Ваш ужин, сэр.
18 апреля 2013 г. в 14:05
Как же я устал.
На работе завал, с работой - завал...
Даже дома...
Открываю дверь ключом. Пальцы путаются в бесконечных подвесочках и ключах всех мастей и видов.
Звон, тихий, но отчетливый, когда кидаю связку на шкафчик в прихожей.
Так я обычно оповещаю всех, что я дома.
Но ведь у меня никого нет...
...все плохо, и дома наверняка бардак, даже жить не хочется, такими темпами я...
Лампочка тихо загудела, когда я нажал на кнопку выключателя.
В комнате - идеальная чистота.
Чисто...
Вздохнув, улыбаюсь. Это все мое чудо, оно постаралось, уж наверняка.
Тяну двумя пальцами надоевший за весь день галстук. Странно, но, когда я только устраивался на работу, я любил галстуки.
Может быть, все потому, что они так хороши для связывания?..
Не могу не вспомнить. Тонкие ручки, туго завязанные узлы, сжатые кулачки - или наоборот, расслабленные быстрые пальчики...
Облегченно падаю на диван, расстегивая рубашку.

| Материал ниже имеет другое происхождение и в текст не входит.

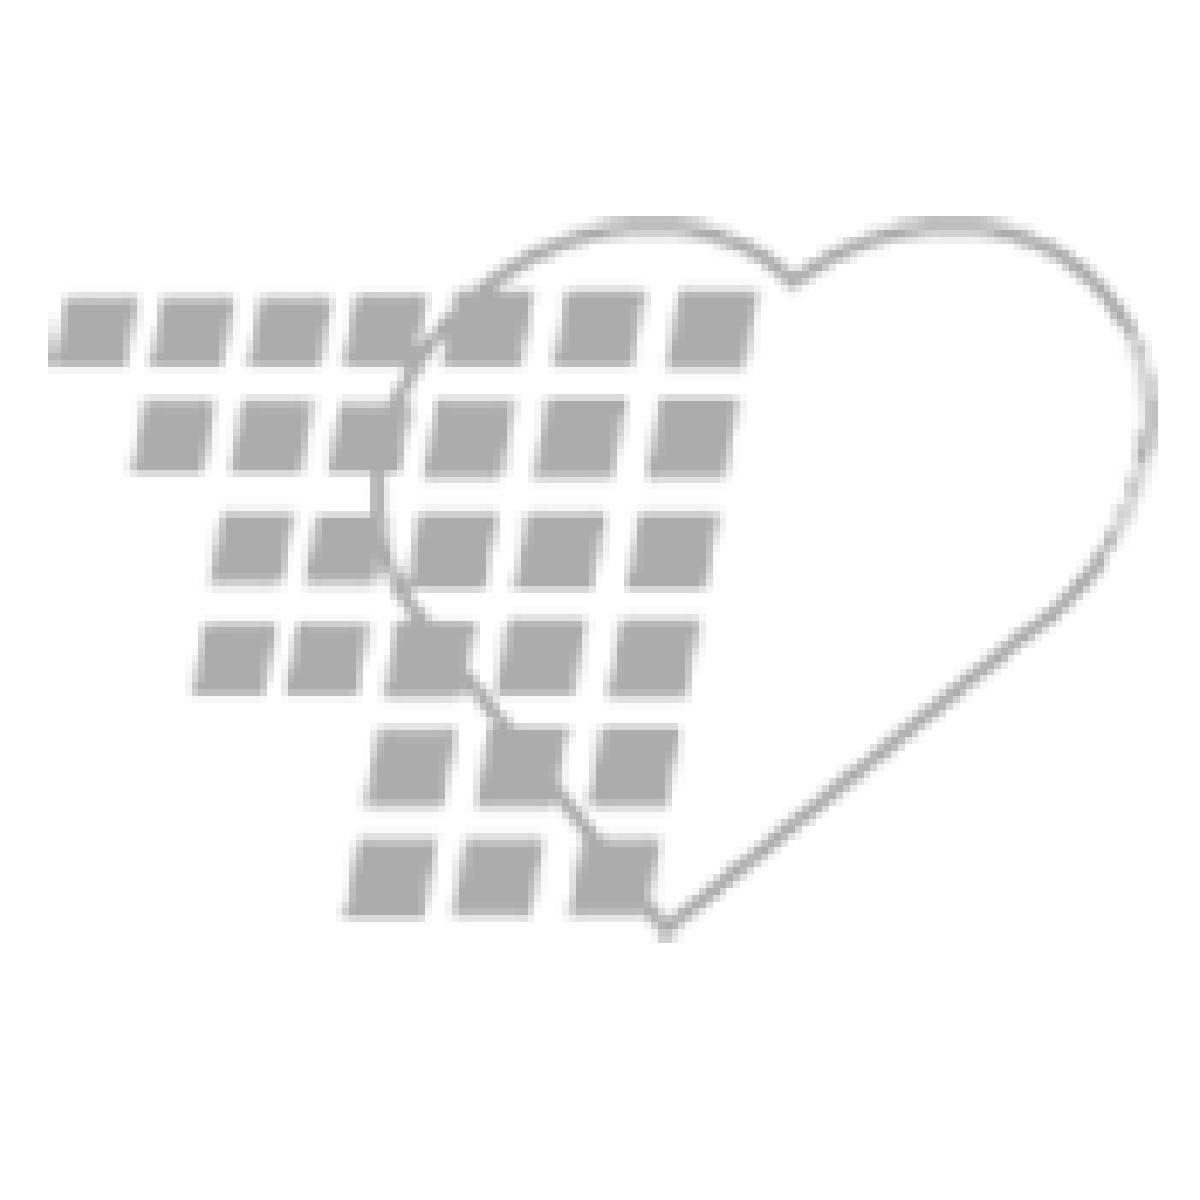 04-25-3127 SimCartRx Elite

И в этот момент понимаю, что я не один в квартире.
Просто чутье.
Резко поднимаюсь и, крадучись, иду на кухню.
А там...
На обеденном столе, положив голову на сложенные ручки, спит моя очаровательная служанка.
Жмурится во сне.
Улыбаюсь и подхожу ближе.
- Эй, ты заболеешь, если будешь спать на таких... твердых предметах, малыш.

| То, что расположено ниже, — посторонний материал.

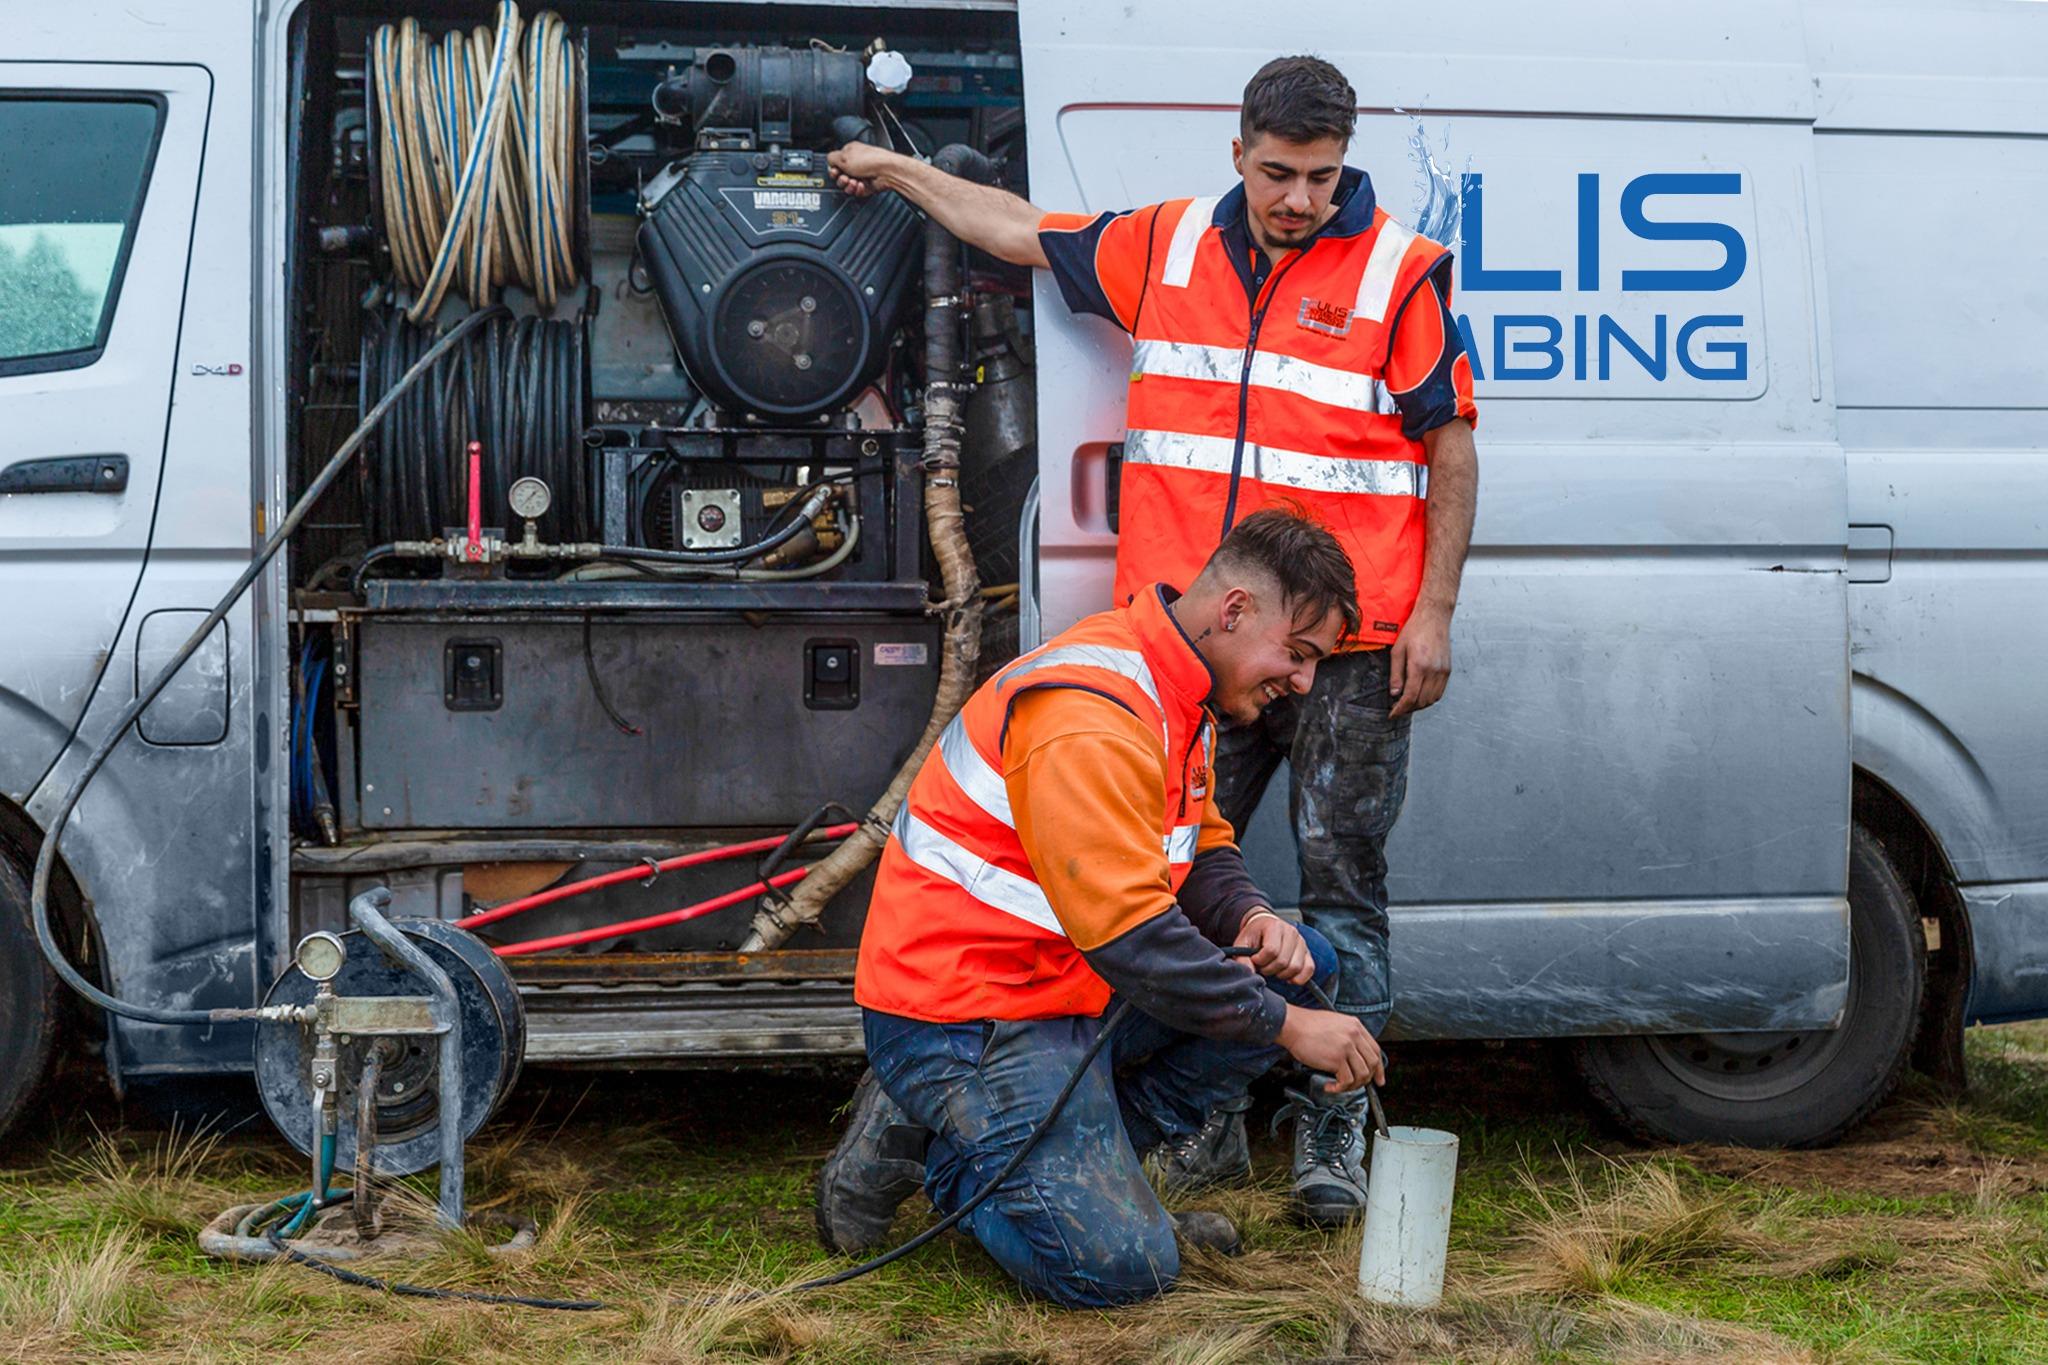 Pulis Plumbing needs more plumbers

Легонько касаюсь прелестной головке, и он просыпается, тут же с удивлением садясь и хлопая глазами:
- Господин!..
Рука сама так и просится ниже. Ниже, еще... Разве этот непокорно вздернутый носик - не предел?
Нет, ведь у нас же есть еще пухленькие розовые губки, еще более яркие после сна.
Кладу ладонь на его руку, так неосторожно оставленную - может, специально? - глупым мальчишкой на поверхности стола.
Он молчит, только чересчур быстро хлопает длинными ресницами.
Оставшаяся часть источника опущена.